The following product fulfills these properties:
$$\begin{align}
      &\left(\begin{array}{cccc}
               0 & L_{23} & -L_{13} & L_{12} \\
         -L_{23} & 0 & L_{03} & -L_{02} \\
          L_{13} & -L_{03} & 0 & L_{01} \\
         -L_{12} & L_{02} & -L_{01} & 0
       \end{array}\right)
       \left(\begin{array}{cccc}
              0 & -L_{01} & -L_{02} & -L_{03} \\
         L_{01} & 0 & -L_{12} & -L_{13} \\
         L_{02} & L_{12} & 0 & -L_{23} \\
         L_{03} & L_{13} & L_{23} & 0
       \end{array}\right) \\[10pt]
  ={} &\left(L_{01}L_{23} - L_{02}L_{13} + L_{03}L_{12}\right) \cdot
       \left(\begin{array}{cccc}
         1 & 0 & 0 & 0 \\
         0 & 1 & 0 & 0 \\
         0 & 0 & 1 & 0 \\
         0 & 0 & 0 & 1
       \end{array}\right)
  = \mathbf{0},
\end{align}$$

due to the Grassmann–Plücker relation. With the uniqueness of Plücker matrices up to scalar multiples, for the primal Plücker coordinates

$\mathbf{L} = \left(L_{01},\,L_{02},\,L_{03},\,L_{12},\,L_{13},\,L_{23}\right)^{\top}$

we obtain the following dual Plücker coordinates:

$\tilde{\mathbf{L}} = \left(L_{23},\,-L_{13},\,L_{12},\,L_{03},\,-L_{02},\,L_{01}\right)^{\top}.$

== In the projective plane ==

Duality of join and meet operations in two-space.

The 'join' of two points in the projective plane is the operation of connecting two points with a straight line.
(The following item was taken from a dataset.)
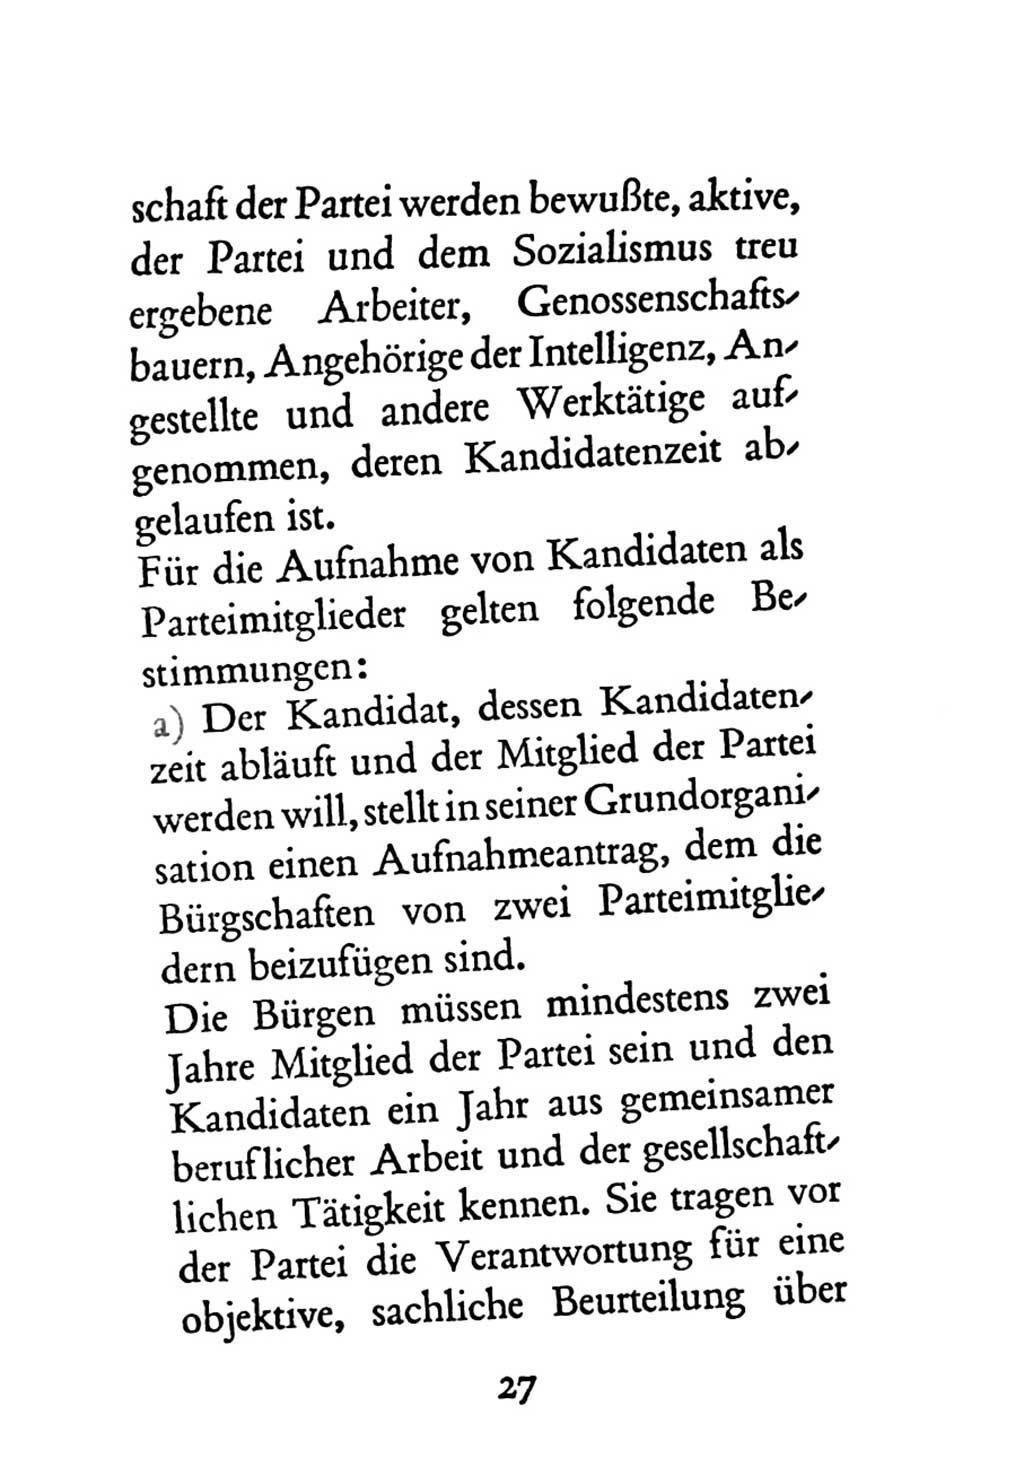 Statut der Sozialistischen Einheitspartei Deutschlands (SED) 1963, Seite 27 (St. SED DDR 1963, S. 27)

Its line equation can be computed using the cross product:
$$\mathbf{l} \propto \mathbf{a} \times \mathbf{b} =
  \left(\begin{array}{c}
    a_{1}b_{2} - b_{1}a_{2} \\
    b_{0}a_{2} - a_{0}b_{2} \\
    a_{0}b_{1} - a_{1}b_{0}
  \end{array}\right) = \left(\begin{array}{c}
    l_{0} \\
    l_{1} \\
    l_{2}
  \end{array}\right).$$

Dually, one can express the 'meet', or intersection of two straight lines by the cross-product:
$\mathbf{x} \propto \mathbf{l} \times \mathbf{m}$

The relationship to Plücker matrices becomes evident, if one writes the cross product as a matrix-vector product with a skew-symmetric matrix:
$$[\mathbf{l}]_{\times} =
  \mathbf{a}\mathbf{b}^{\top} - \mathbf{b}\mathbf{a}^{\top} =
  \left(\begin{array}{ccc}
         0 & l_{2} & -l_{1} \\
    -l_{2} & 0 & l_{0} \\
     l_{1} & -l_{0} & 0
  \end{array}\right)$$

and analogously $[\mathbf{x}]_{\times} = \mathbf{l}\mathbf{m}^{\top} - \mathbf{m}\mathbf{l}^{\top}$

== Geometric interpretation ==

Let $\mathbf{d} = \left(-L_{03},\, -L_{13},\, -L_{23}\right)^{\top}$ and $\mathbf{m} = \left(L_{12},\, -L_{02},\, L_{01}\right)^{\top}$, then we can write
$$[\mathbf{L}]_{\times} = \left(\begin{array}{cc}
    [\mathbf{m}]_{\times} & \mathbf{d} \\
              -\mathbf{d} & 0
  \end{array}\right)$$

and
$$[\tilde{\mathbf{L}}]_{\times} = \left(\begin{array}{cc}
    [-\mathbf{d}]_{\times} & \mathbf{m}\\
               -\mathbf{m} & 0
  \end{array}\right),$$

where $\mathbf{d}$ is the displacement and $\mathbf{m}$ is the moment of the line, compare the geometric intuition of Plücker coordinates.